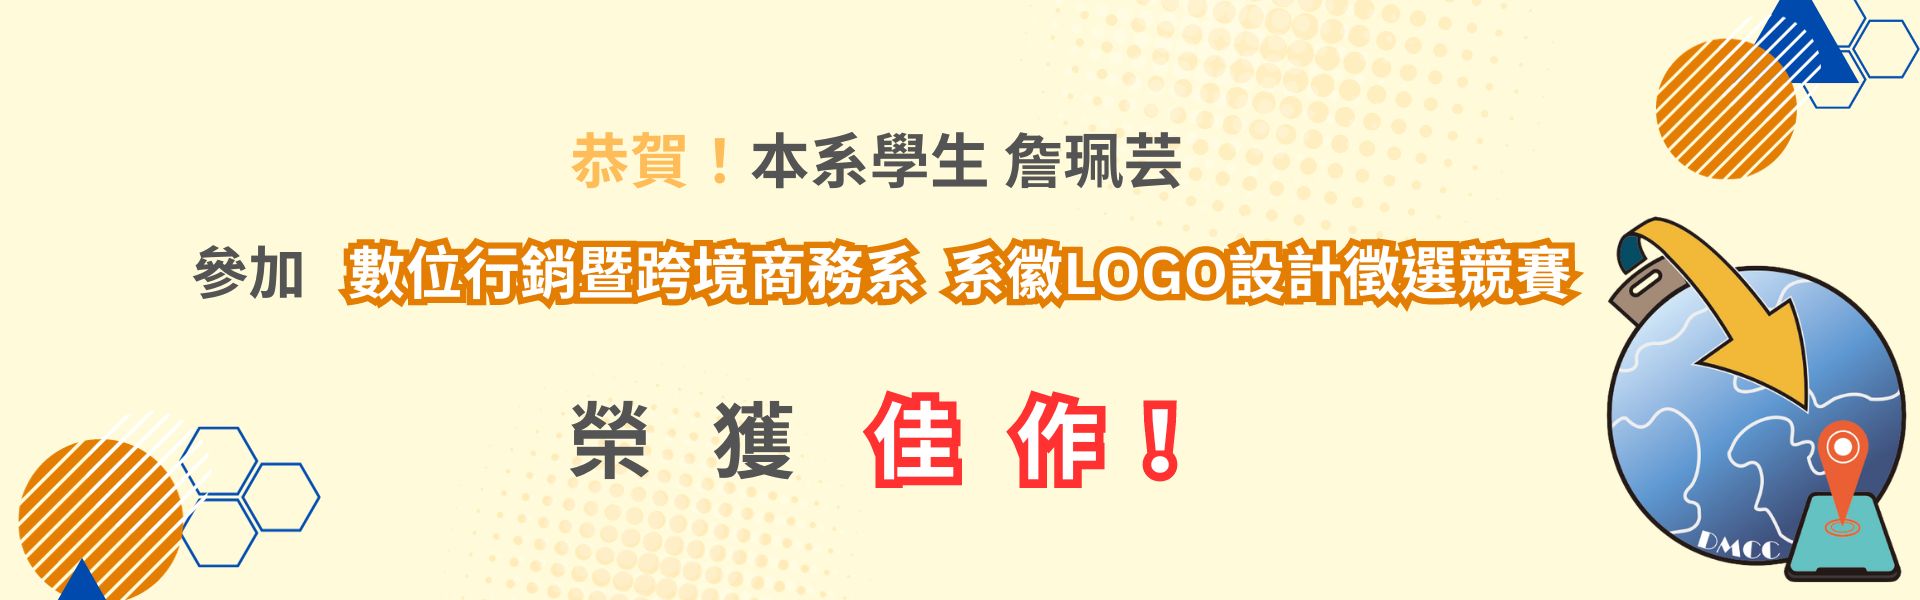 數位行銷暨跨境商務系  系徽LOGO設計徵選競賽 佳作
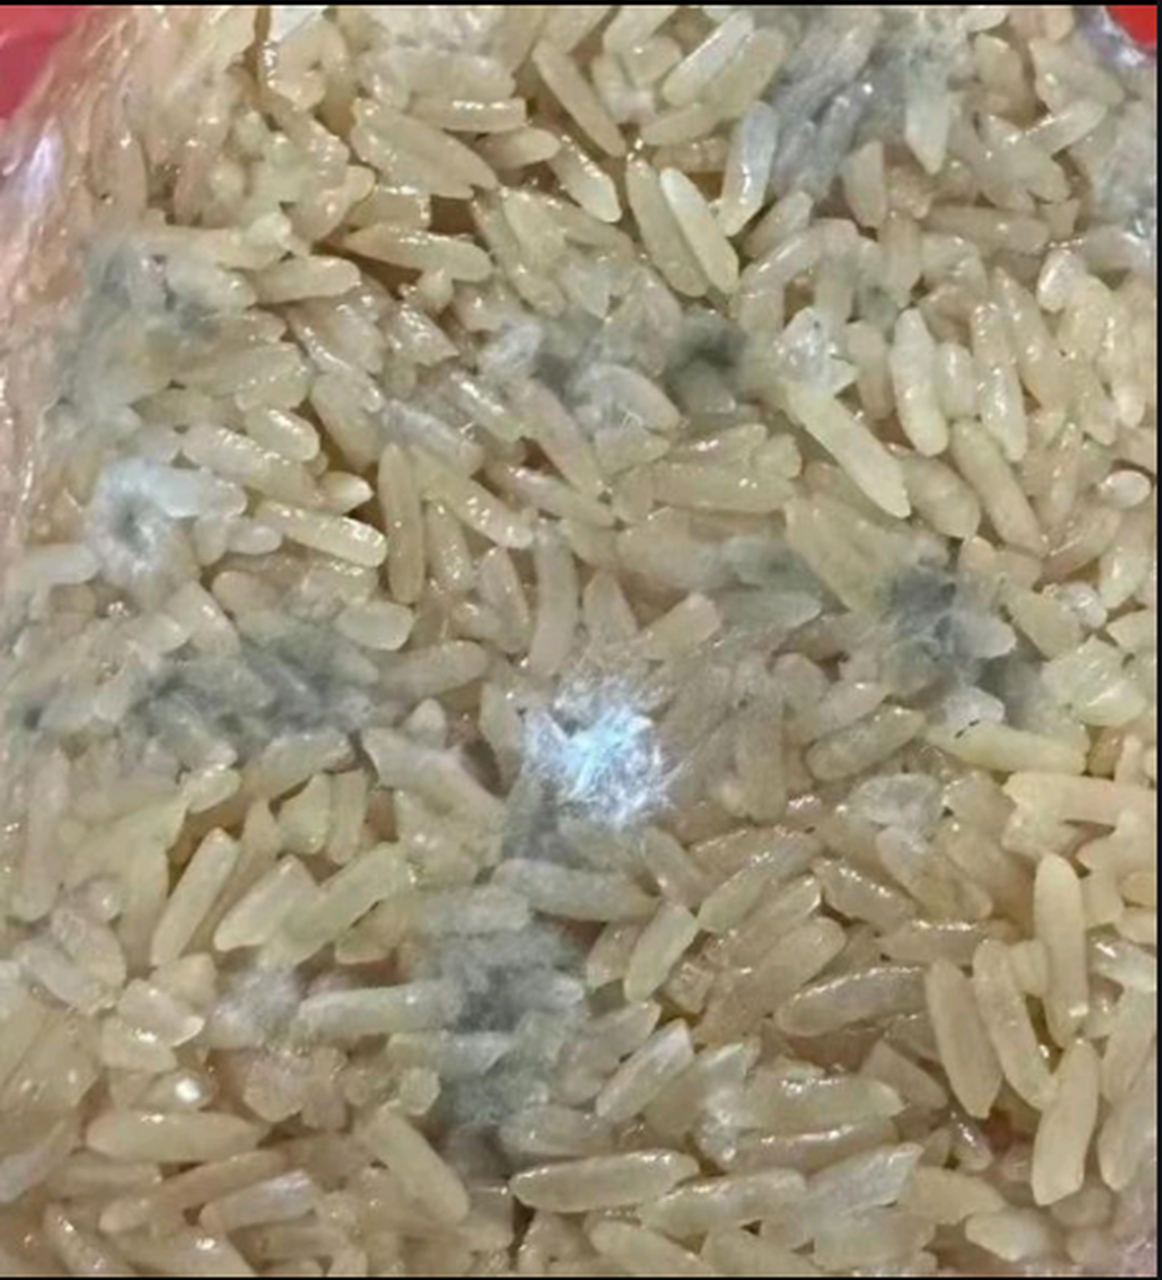 变质的米饭图片
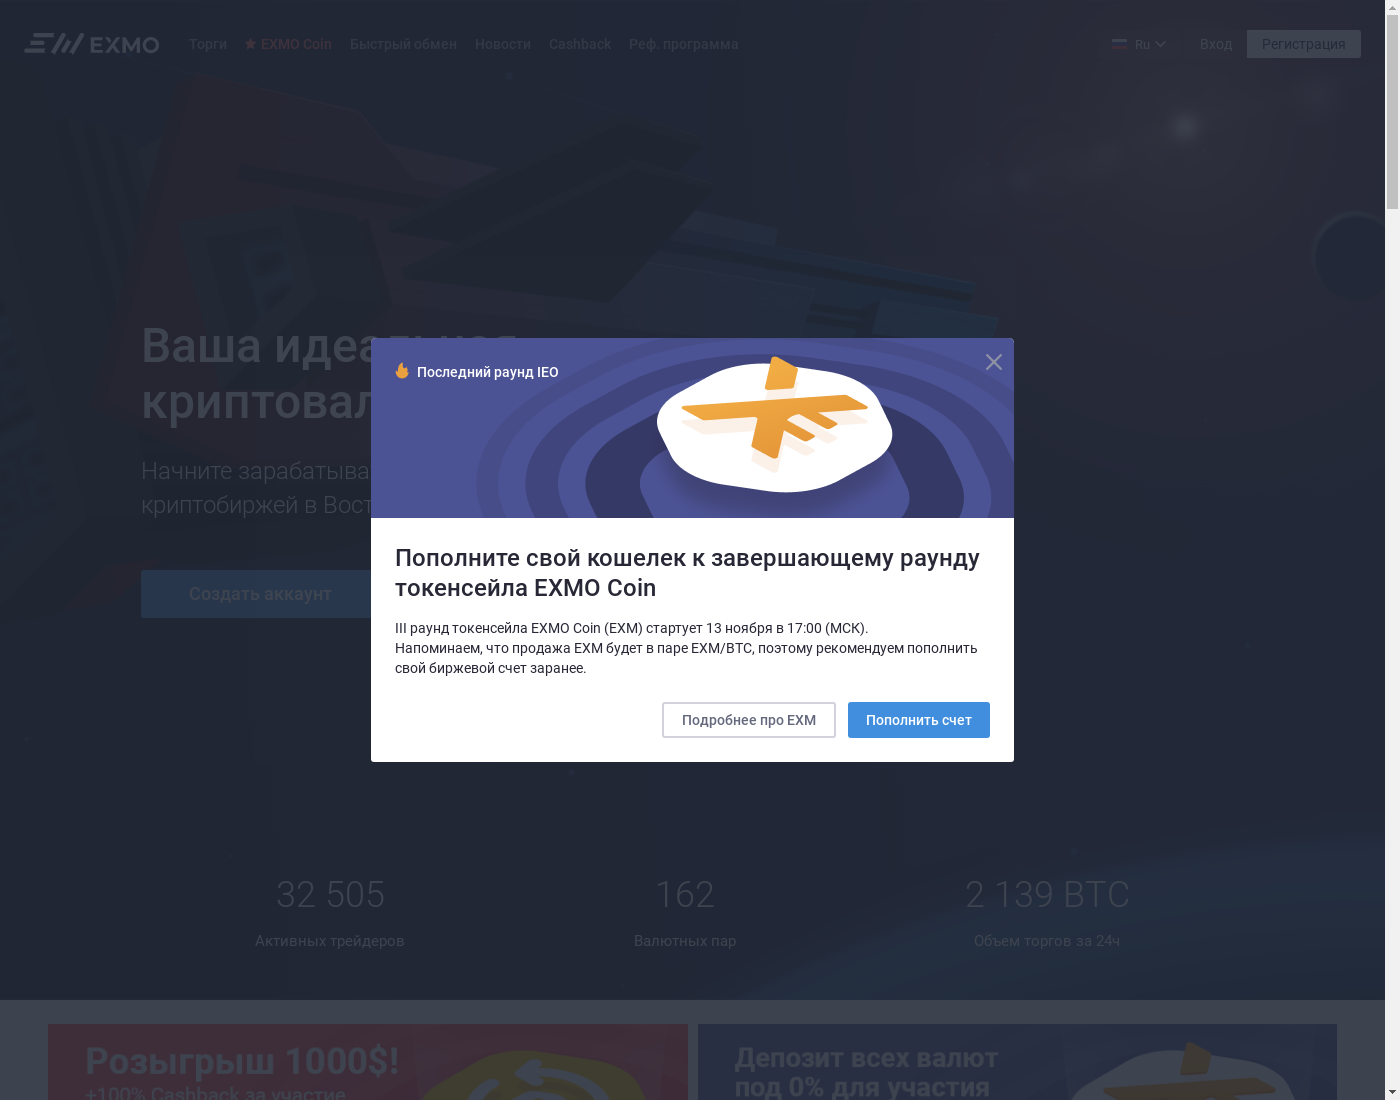 EXMO интерфейс пользователя: домашняя страничка на языке — Русский
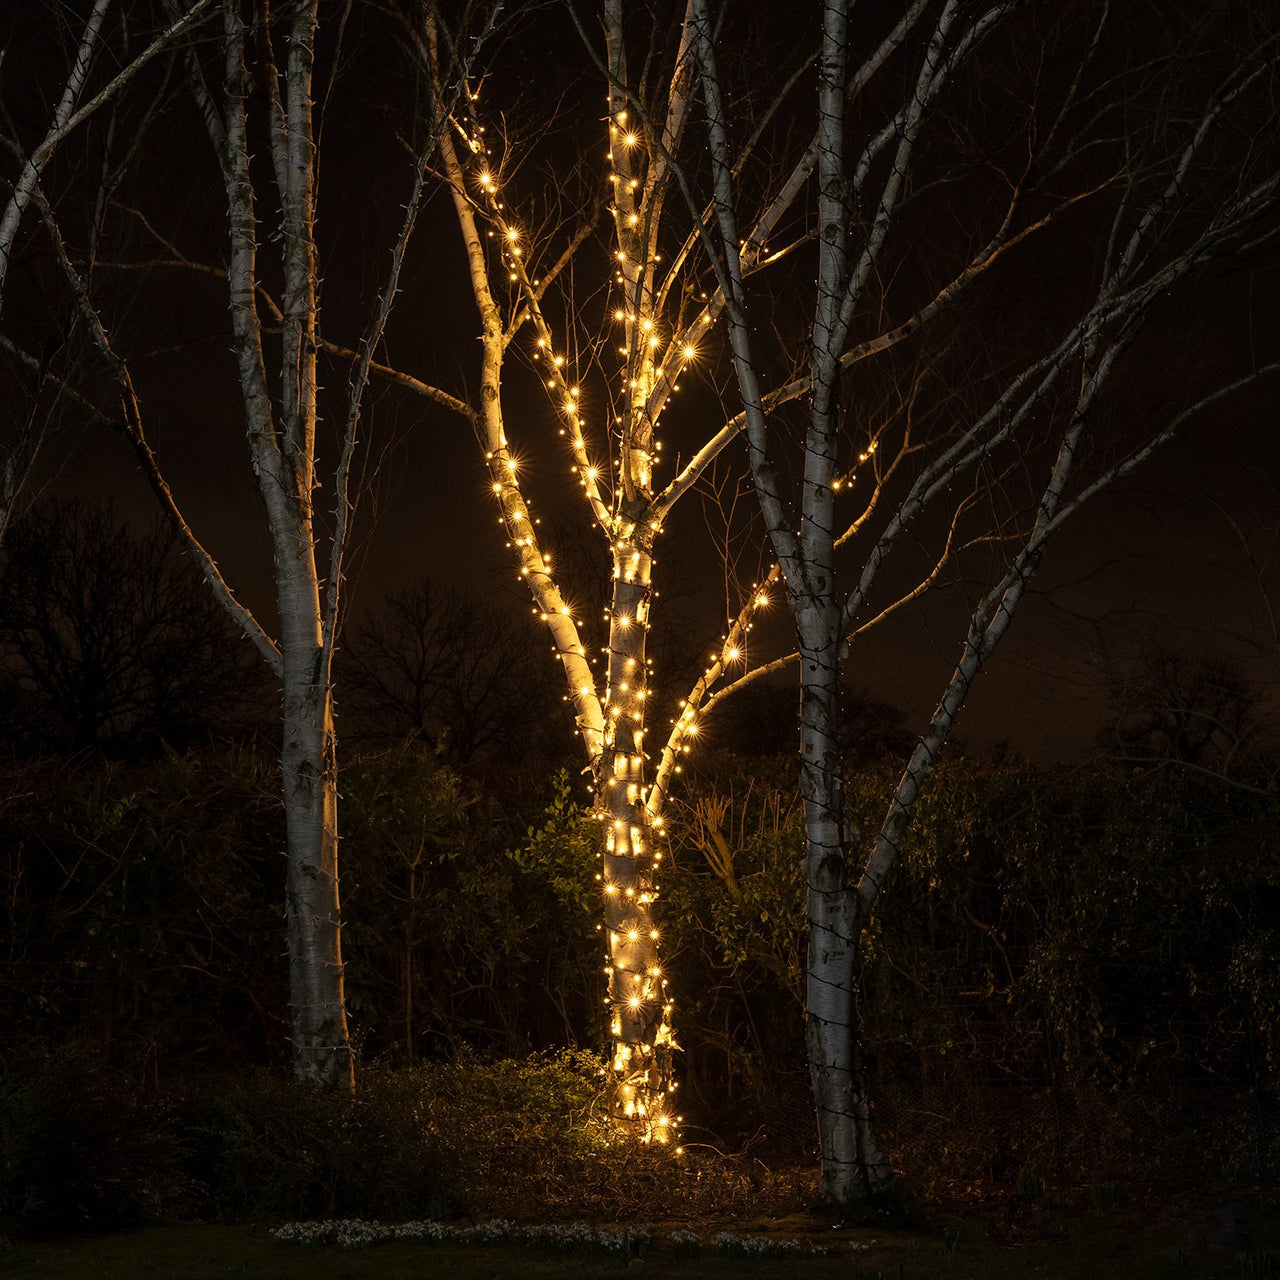 Generic - Guirlande lumineuse LED 100m 1000LEDs extérieur, éclairage de  décoration de Noël avec 8 modes, étanche Ip44, décoration de lumière blanche  chaude pour la maison, le jardin, la fête de l'arbre
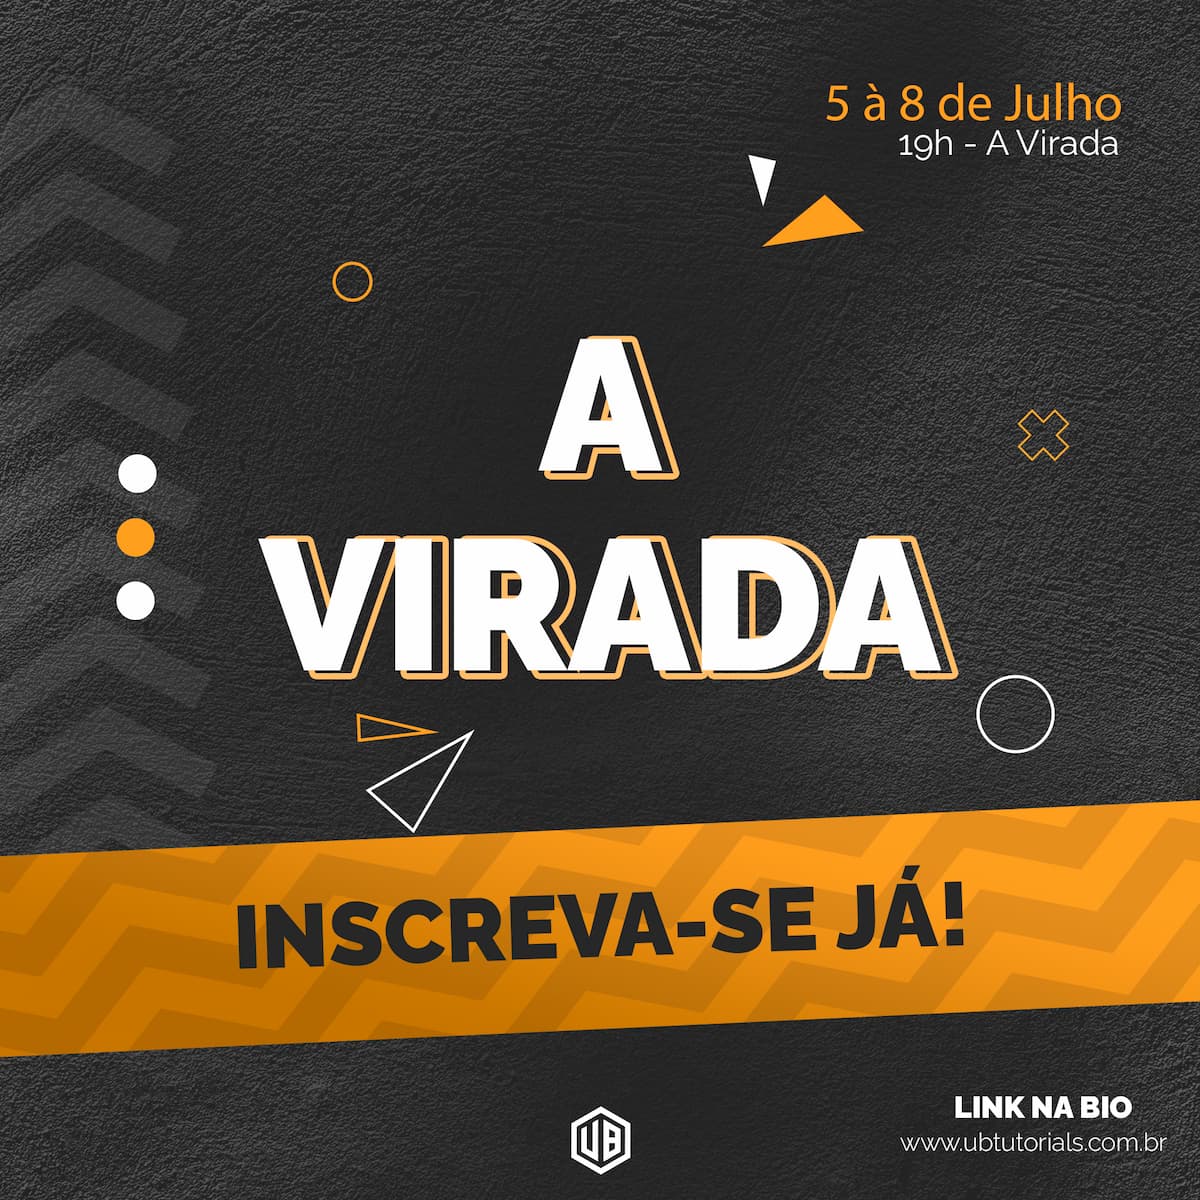 UB Tutorials lança evento virtual "A Virada" fomentando a produção musical no Brasil

========================

Task objective
Pictures aside, every entry above must be repeated exactly.

Solution to this problem
 數位行銷暨跨境商務系  系徽LOGO設計徵選競賽 佳作
 变质的米饭图片
 EXMO интерфейс пользователя: домашняя страничка на языке — Русский
 Generic - Guirlande lumineuse LED 100m 1000LEDs extérieur, éclairage de  décoration de Noël avec 8 modes, étanche Ip44, décoration de lumière blanche  chaude pour la maison, le jardin, la fête de l'arbre
 UB Tutorials lança evento virtual "A Virada" fomentando a produção musical no Brasil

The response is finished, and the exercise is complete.